In 1961, WQSU began as a club named "The Radio Association" pioneered by Ken Selinger.

In 1967, Triangle Publications of Philadelphia executive Clyde Spitzer helps the Radio Association progress by donating equipment.

On May 14, 1967, WQSU was assigned their call letters by the Federal Communications Commission and aired for the first time at 91.5 MHz with a 10-watt transmitter.

On March 20, 1975, WQSU increased its broadcast power from 10 watts to 5,600 watts and changed frequencies from 91.5 MHz to its current frequency of 88.9 MHz.

On February 1, 1980, WQSU began broadcasting in stereo.

In January 1983, WQSU increased its broadcast power from 5600 watts to 12,000 watts.

On March 15, 1985, WQSU moved from its original home at 530 University Avenue to the Degenstein Campus Center at Susquehanna University.

On November 22, 2013 at 10 AM, WQSU began broadcasting in HD. WQSU was the 76th radio station in Pennsylvania to begin broadcasting in HD, and the 5th college radio station in Pennsylvania to begin broadcasting in HD.

In 2016, WQSU station's general manager since 1967, Larry Augustine, retired his position to Dawn Marie Benfer.

On March 27, 2017, the FCC granted Susquehanna University a construction permit to reduce the station's ERP from 12,000 watts to 10,500 watts. The FCC granted the station a new license with the reduced ERP on March 18, 2019.

On October 30, 2017, WQSU celebrated its 50 years of being on air.

===Willow Crossing ===
Willow Crossing is a WQSU specialty show that began in the 1980s and has survived as a mainstay for over 30 years. The creator of the drama show, Jack Guyot Smith, also acts as the performer.

== Awards ==
In 2008, WQSU won the Pennsylvania Association of Broadcasters (PAB) award for Outstanding Public Service Announcement. The PSA was written and produced by Jeff Gorcyca.

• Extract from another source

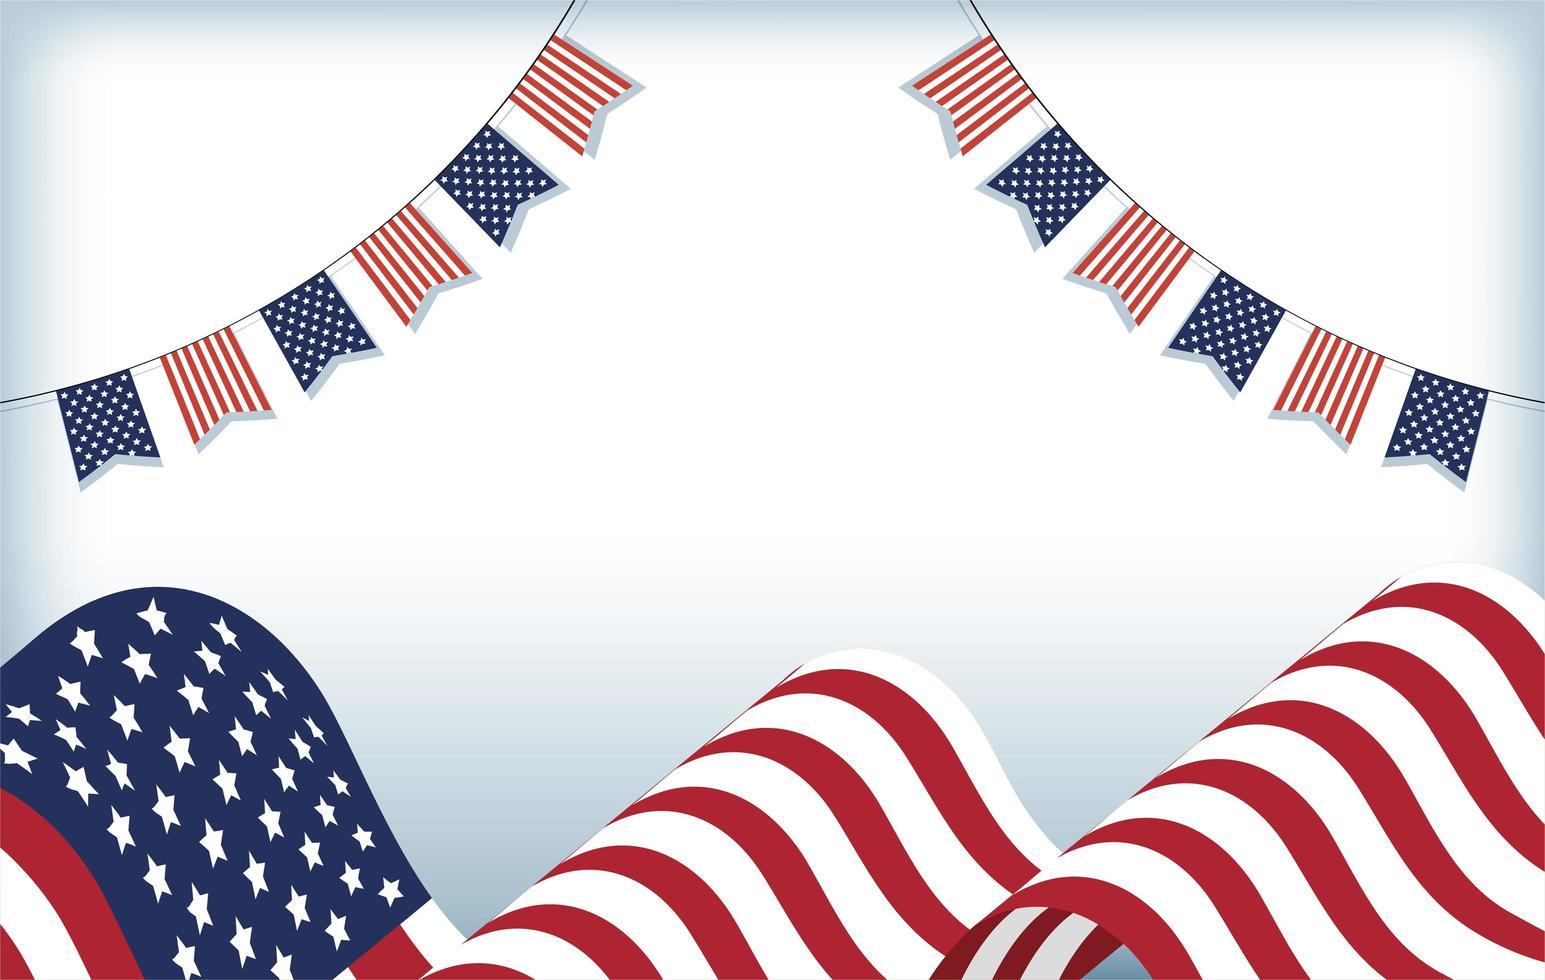 USA Flagge und Banner Wimpel Vektor Design

On March 27, 2010, WQSU was awarded second place in the Radio C Sports Play-By-Play category at the Pennsylvania AP News awards in Grantville, Pa. for the Feb. 28, 2009 broadcasting of the Landmark Conference Men's Basketball Championship game.

In 2018, WQSU won two Pennsylvania Association of Broadcasters (PAB) awards:

- WQSU 50 Years of College Radio, WQSU team, Judge Merit Award, and
- WQSU River Hawks Football, Outstanding Radio Coverage of a Local Sporting Event.

On February 20, 2019, WQSU became the first university radio station in Pennsylvania to have won a Pennsylvania Association of Broadcasters Excellence in Broadcasting award. After its 18th Annual Toys for Tots drive, WQSU was awarded Outstanding Station Sponsored Event.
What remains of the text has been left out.